Turning Capability Into Care: What Should Happen Next
Real-world impact required steps that were concrete, staged, and measurable. Health systems prioritized pilot deployments in retina clinics that already archived OCT, IR, and EF, using a shadow mode to compare model outputs with clinician reads over several months. Imaging vendors exposed stable APIs for volume ingestion and metadata, enabling on-device pre-processing and deterministic reconstruction that preserved cross-site consistency. Informatics teams implemented audit trails and version locking, so each inference could be traced to the exact model hash and pre-processing pipeline. These actions formed a baseline for reliability before clinical decisions depended on the system.

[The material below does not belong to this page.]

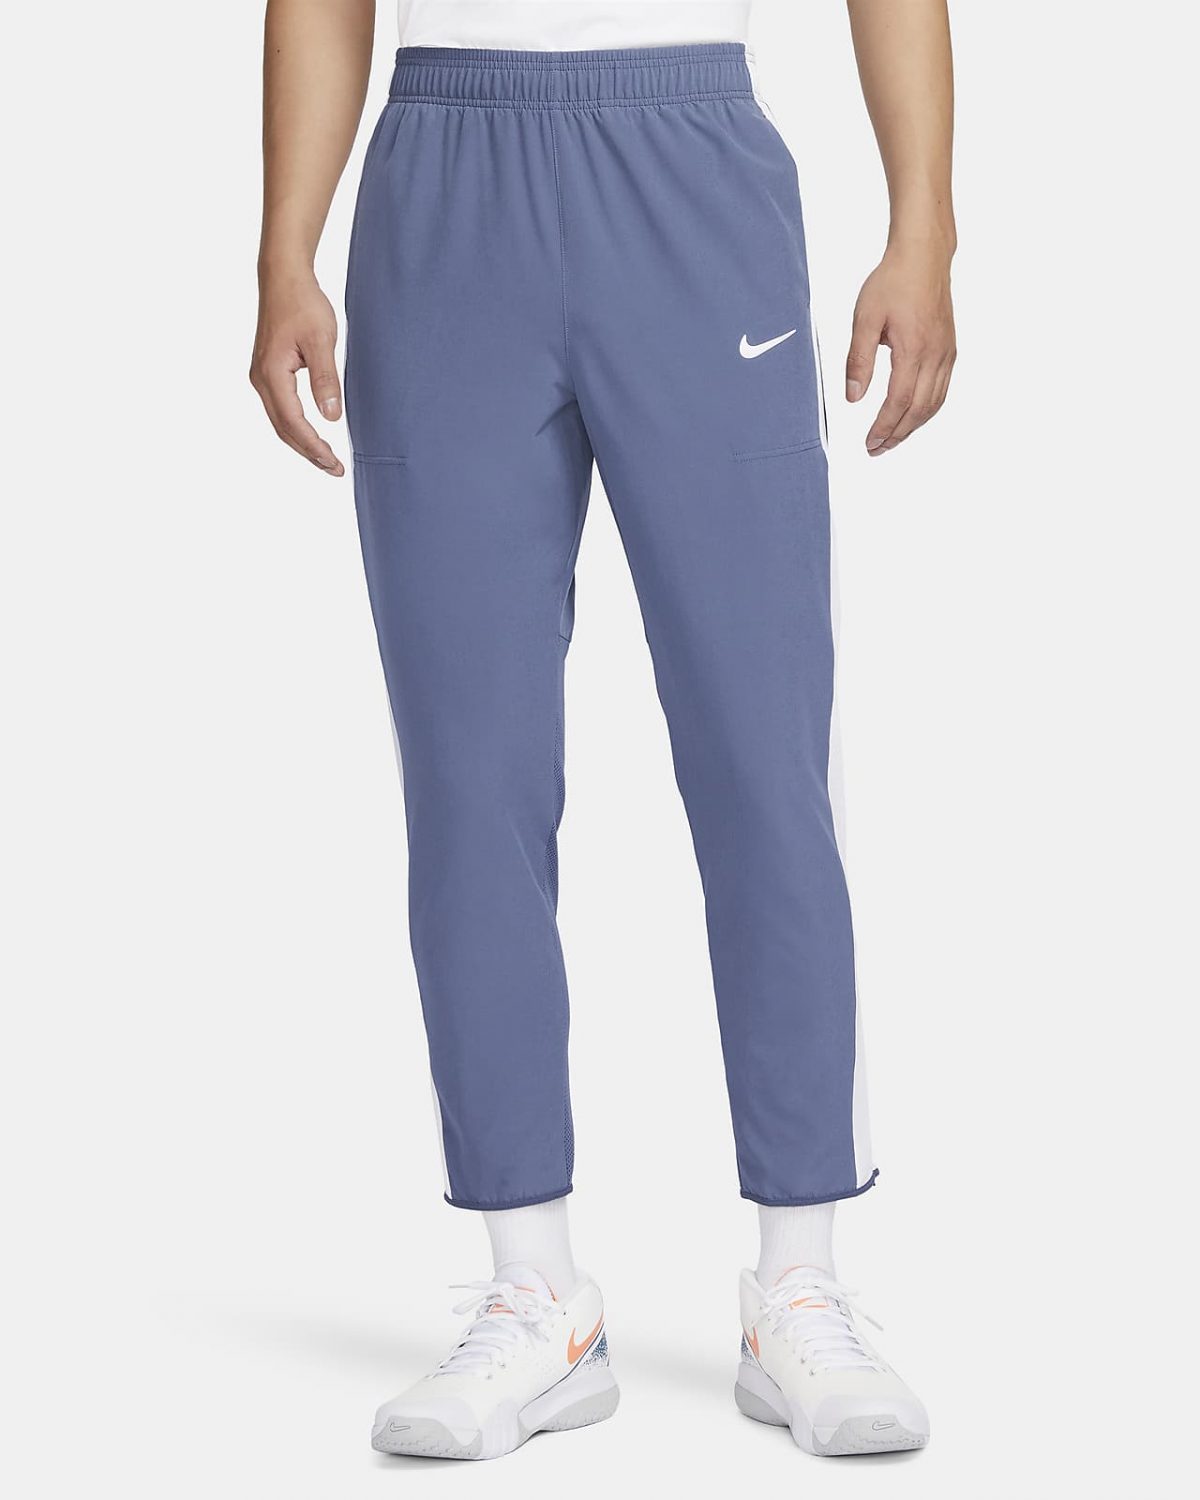 Мужские брюки NikeCourt Advantage фото

Clinicians and researchers then focused on three practical moves. First, assemble reference libraries of adjudicated cases spanning devices and diagnoses, powering cross-modal retrieval and offering a safety net when image quality fluctuated. Second, define governance triggers—such as shifts in calibration curves or sudden changes in uncertainty distributions—that automatically initiated reviews or temporary rollbacks. Third, tailor training extensions to local needs: add fundus autofluorescence for atrophy tracking, or fluorescein angiography for ischemia mapping, without retraining from scratch by leveraging the modular structure of OCTCube-M. Taken together, these steps translated a promising foundation model into dependable clinical support, turning 3D-native, multi-modal intelligence into day-to-day gains in accuracy, efficiency, and patient-specific planning.